I have read so many books lately that focus on peoples inability to control, rely, or believe in themselves that it’s starting to make me wonder if this is how the majority of humanity actually feels on a daily basis. So my new motto is this: We are human, we make mistakes, we are damaged but we are beautiful.
“Waiting for Spring” was a difficult book to read, not structurally, because in actuality the writing was undeniably masterful, but the plot was so emotionally torturous (on so many levels) that it actually made me want to kidnap the characters and take care of them myself.
Tess is a whore, or so she has been told since she was sixteen. Emotionally damaged by her mother, and the scrutinizing eyes of a small town, she has forgotten how to love…even herself. With one life ending and another life beginning, (in a town miles away,) Tess thinks the slate is clean. Start over, eventually forget the past, and start a future…even if that future only consist of cleaning other people’s toilets and having enough cash for beer.

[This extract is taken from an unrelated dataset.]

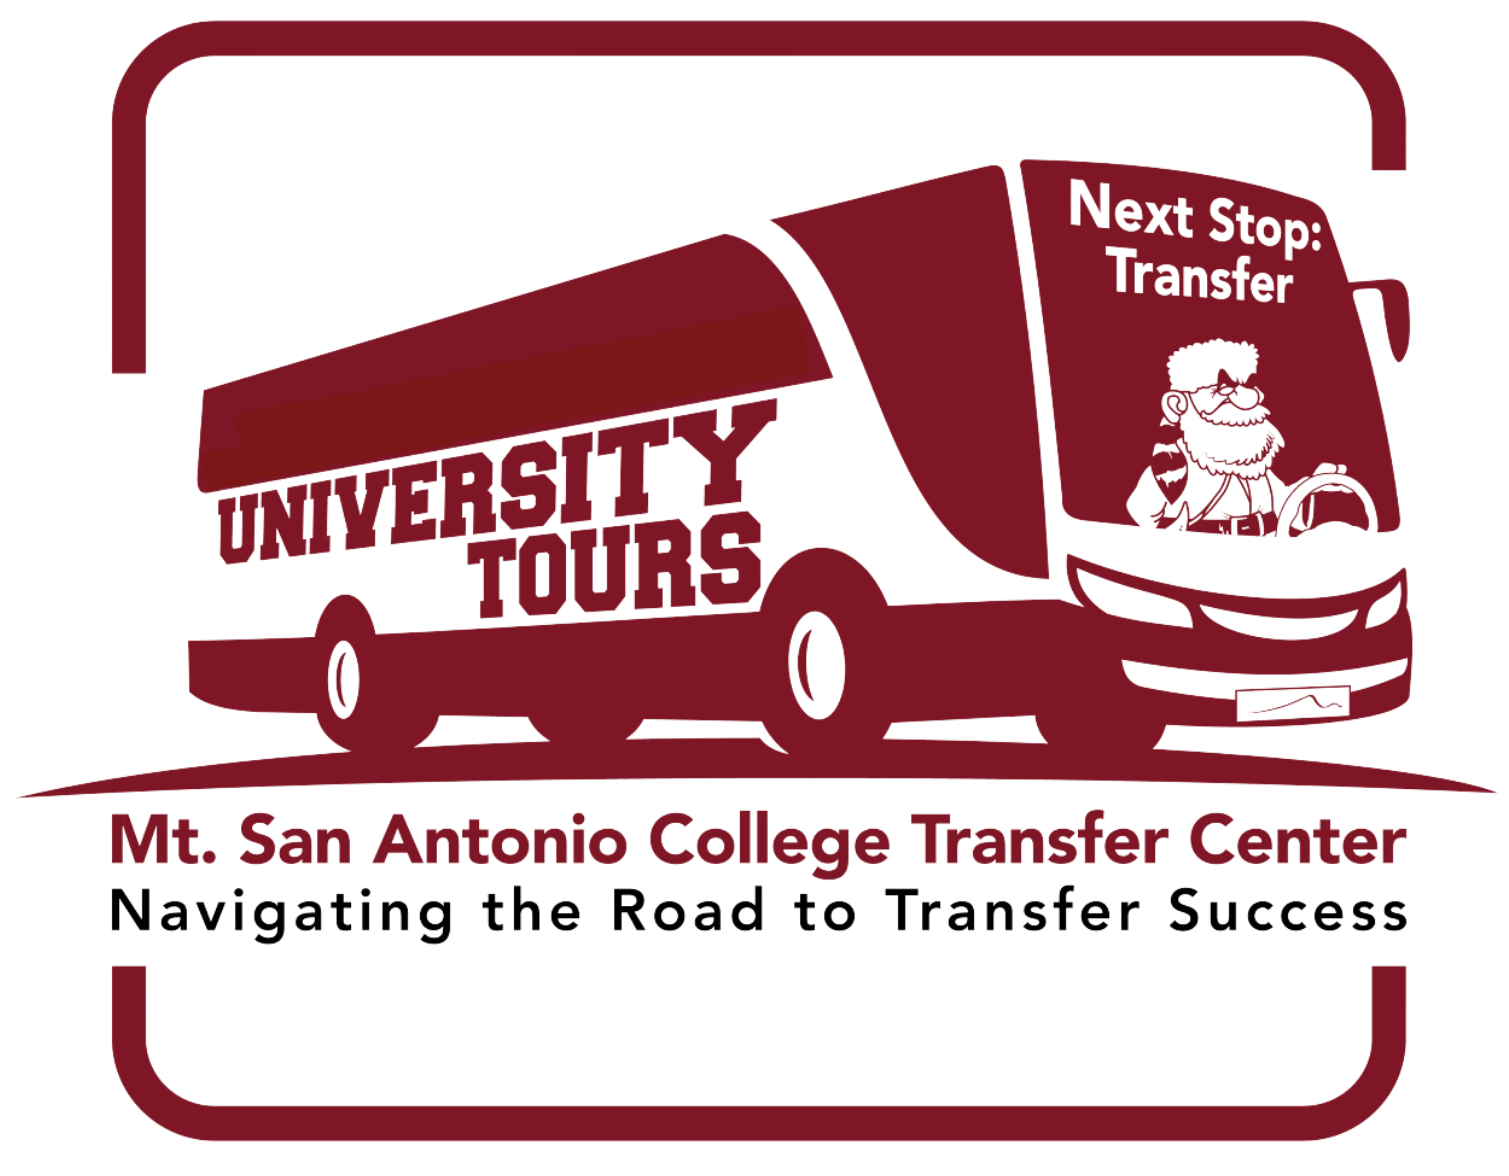 University tour logo

But what happens when being invisible is impossible? What happens when you fall in love with other damaged people…people with drug problems, daddy issues, and years of missed opportunities? What happens when the worst case scenario happens, and the second life you’ve worked so hard to build turns to rubble in less than 2 hours? What happens when the glue that keeps you together melts?
“RJ Keller” penned a story about denial, rage, hatred, addiction, abandonment, loneliness, love and acceptance. “RJ Keller” wrote a piece of literature that defines the phrases “Giving Up” and “Learning to Live” and she did it with some of the most beautifully descriptive paragraphs I have ever read. She had an understanding that “love” and “sorry” are simple words for strong emotions, and that people hold on to guilt as easily as they do money, but most importantly she let the reader experience what happens when there is an overwhelming loss of control.

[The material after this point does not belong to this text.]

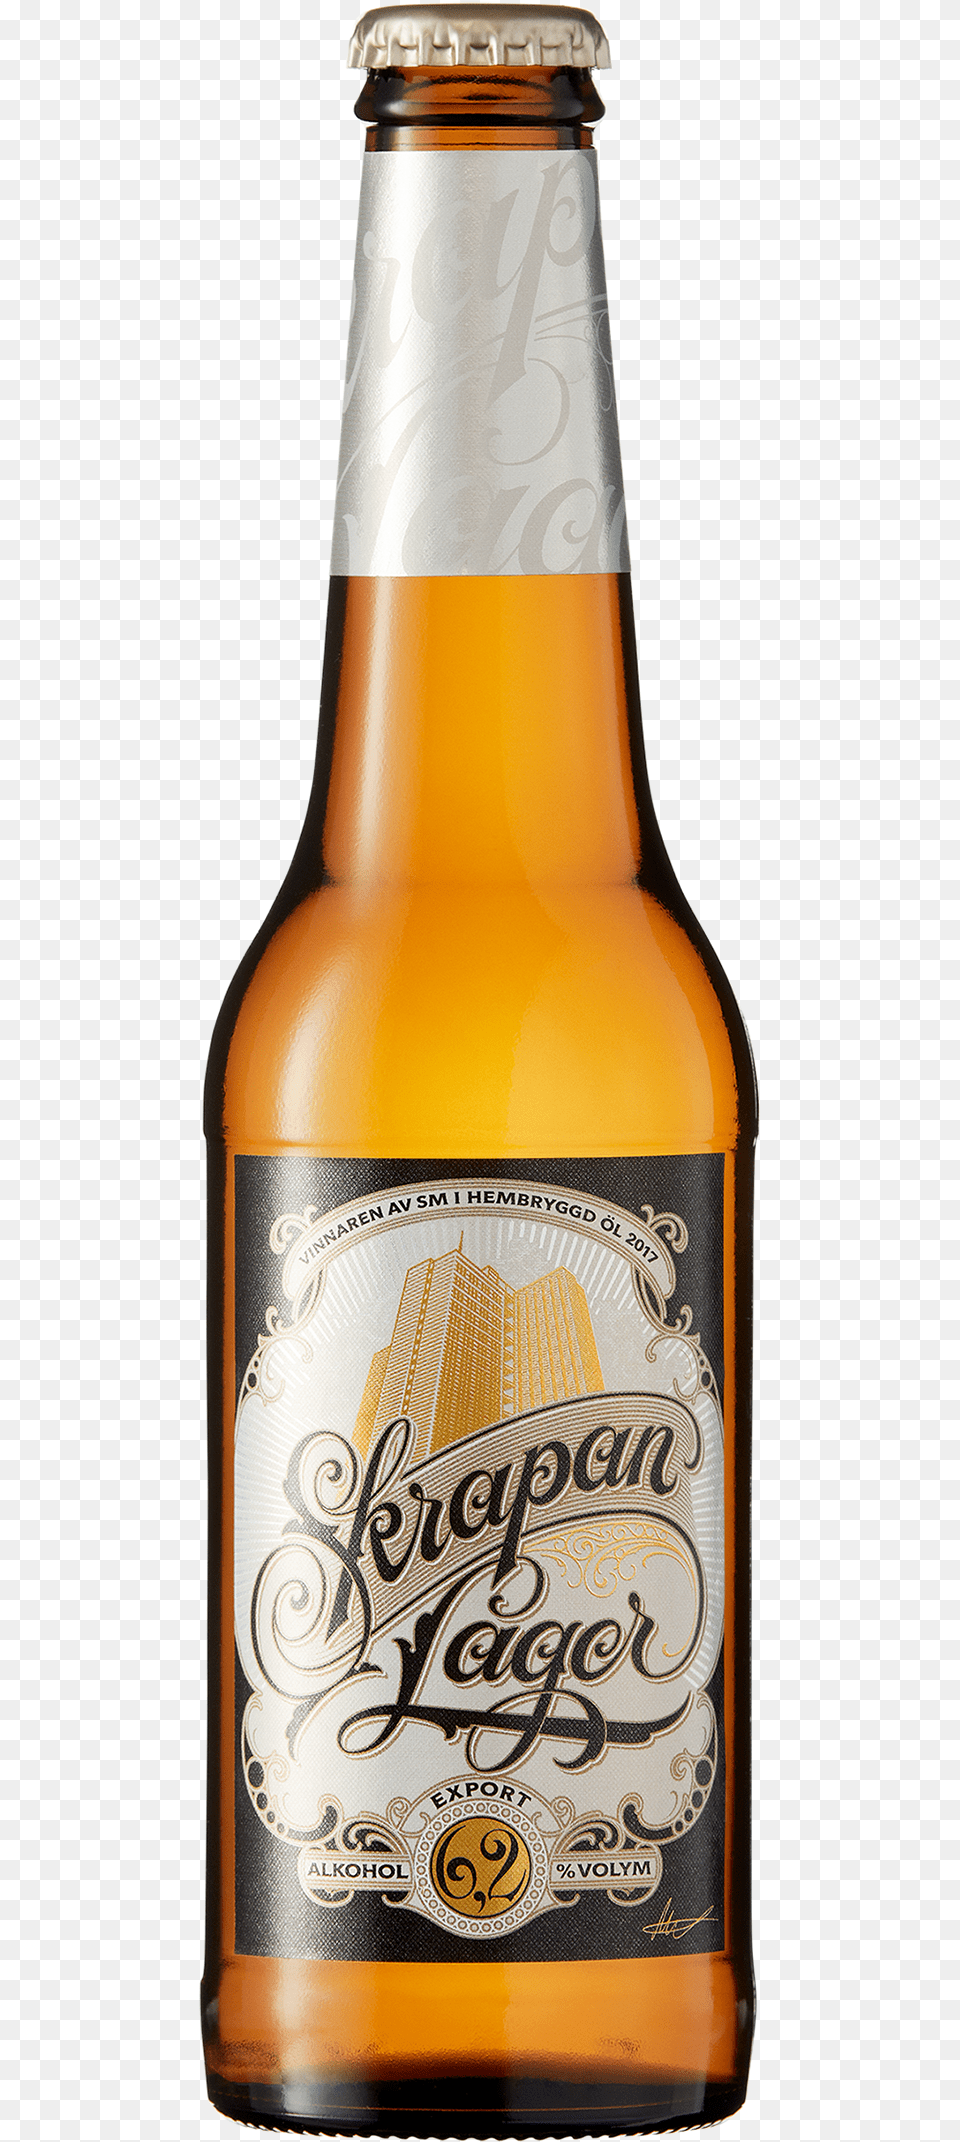 Corona Beer, Alcohol, Beer Bottle, Beverage, Bottle Png Image

The first couple of chapters seemed a little apprehensive…like “Keller” was searching desperately for a way to express her feelings, and I thought that the preface was completely unnecessary, but regardless of the initial missing depth, the rest of the novel was so deep that at times I felt like I had to take a break just to learn how to breathe again.
This book was NOT in any way shape or form a quick read, it is roughly 480 pages and believe me when I say you feel each and every one of them. There was also a rampant use of the “F” word, but once it was said more than 200 or so times, it pretty much seemed like second nature, and to be perfectly honest… I don’t really think there could have been a better word to use.
This book is definatly not a light hearted read and therefore I do not recommend it for everyone (especially younger audiences) but I do whole heartedly recommend it for those of you who like a serious, well crafted story.
Happy reading my fellow Kindle-ites and remember: Yankees rule…Boston sucks… so just deal with it! (*wink*)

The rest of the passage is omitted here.